Roddenberry had something similar going on, at least later on. Note his obsession with what he wanted to add to the Feringi, like their huge packages and shit and then remember how much he was trying to make them loathsome.

That and the capitalism focus of the Feringi when Roddenberry did his own ruthless things for money makes me wonder if Gene made much of them out of his own demons.

[quote=Yukaphile post_id=57971 time=1564522785 user_id=1793Gene strikes me as conservative.
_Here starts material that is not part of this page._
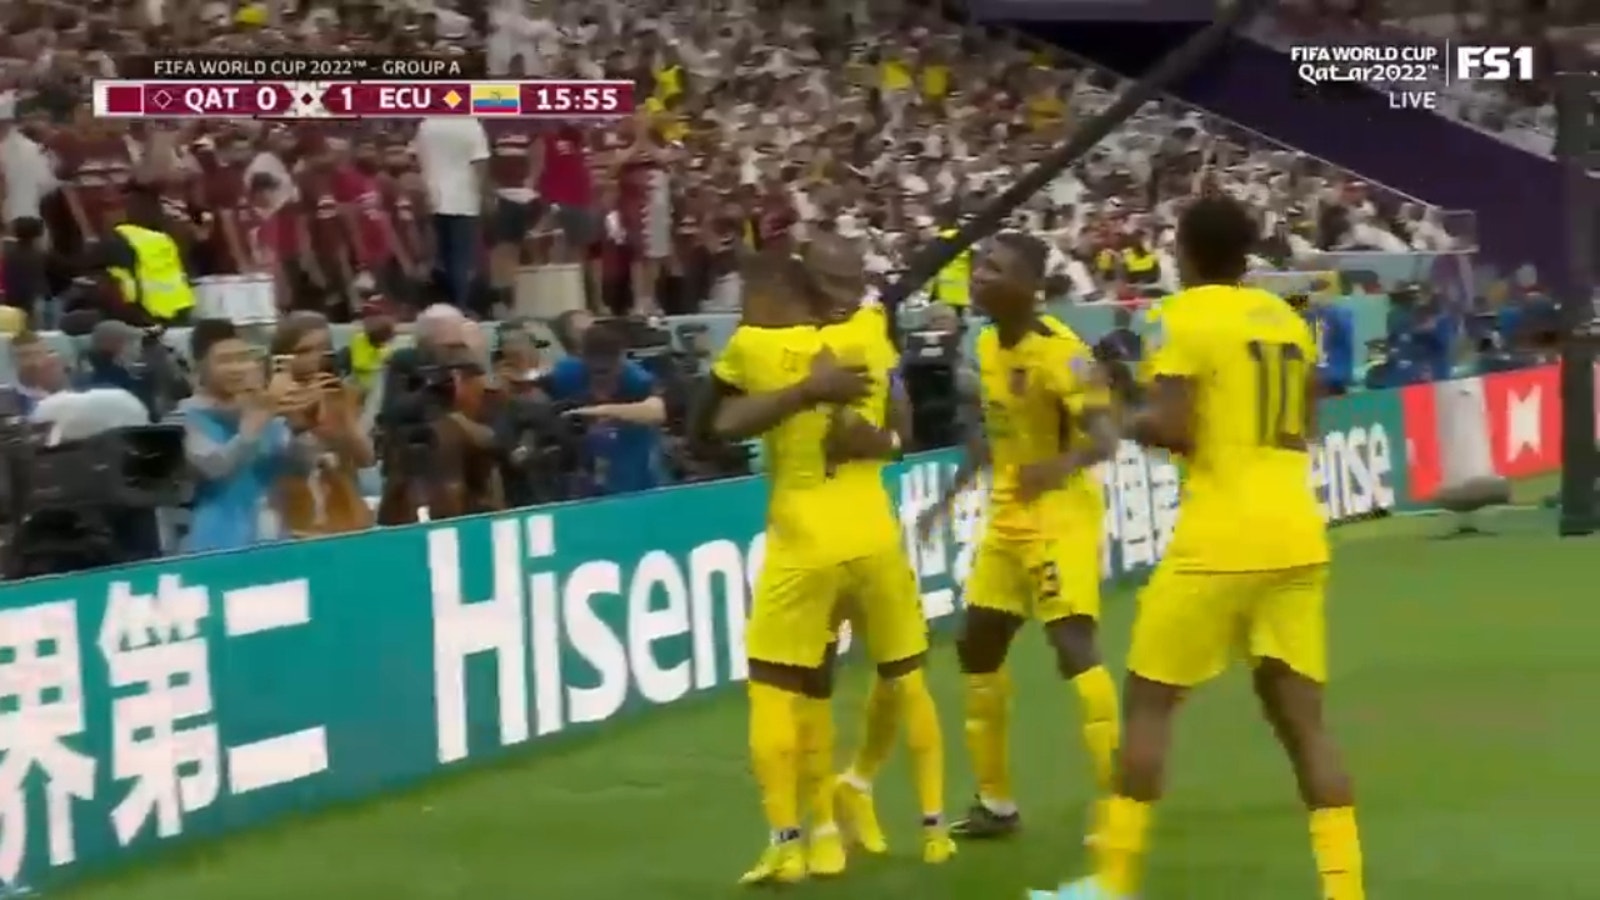 Ecuador's Enner Valencia is fouled and scores a PK against Qatar.

My grandfather was pure-bred working man liberal, and he did not cheat around, and he thought the world of women, and could look on even a hooker with class.
[/quote]

How the hell do you turn such a thing into a political spectrum matter?

If we're going by "my grandfather" anecdotes I could say much the same thing about my own grandfather, and go a little bit further due to my family's pragmatic streak (my grandmother was better at math and record keeping, he refused to touch the finances himself even when others prodded him about it because he didn't want to mess it up for her), yet I hardly think you'd have found him to be a Leftie by any measure if only given our Pentecostal history which started with him and my grandmother and their reaction to the excesses of the Roaring Twenties.

The same went for my grandmother who was completely against feminism due to the anti-family, anti-children sentiment she sensed in it despite living, and imparting it onto her daughters, a life centered out a world view of "equal opperunity and equal pay for equal work".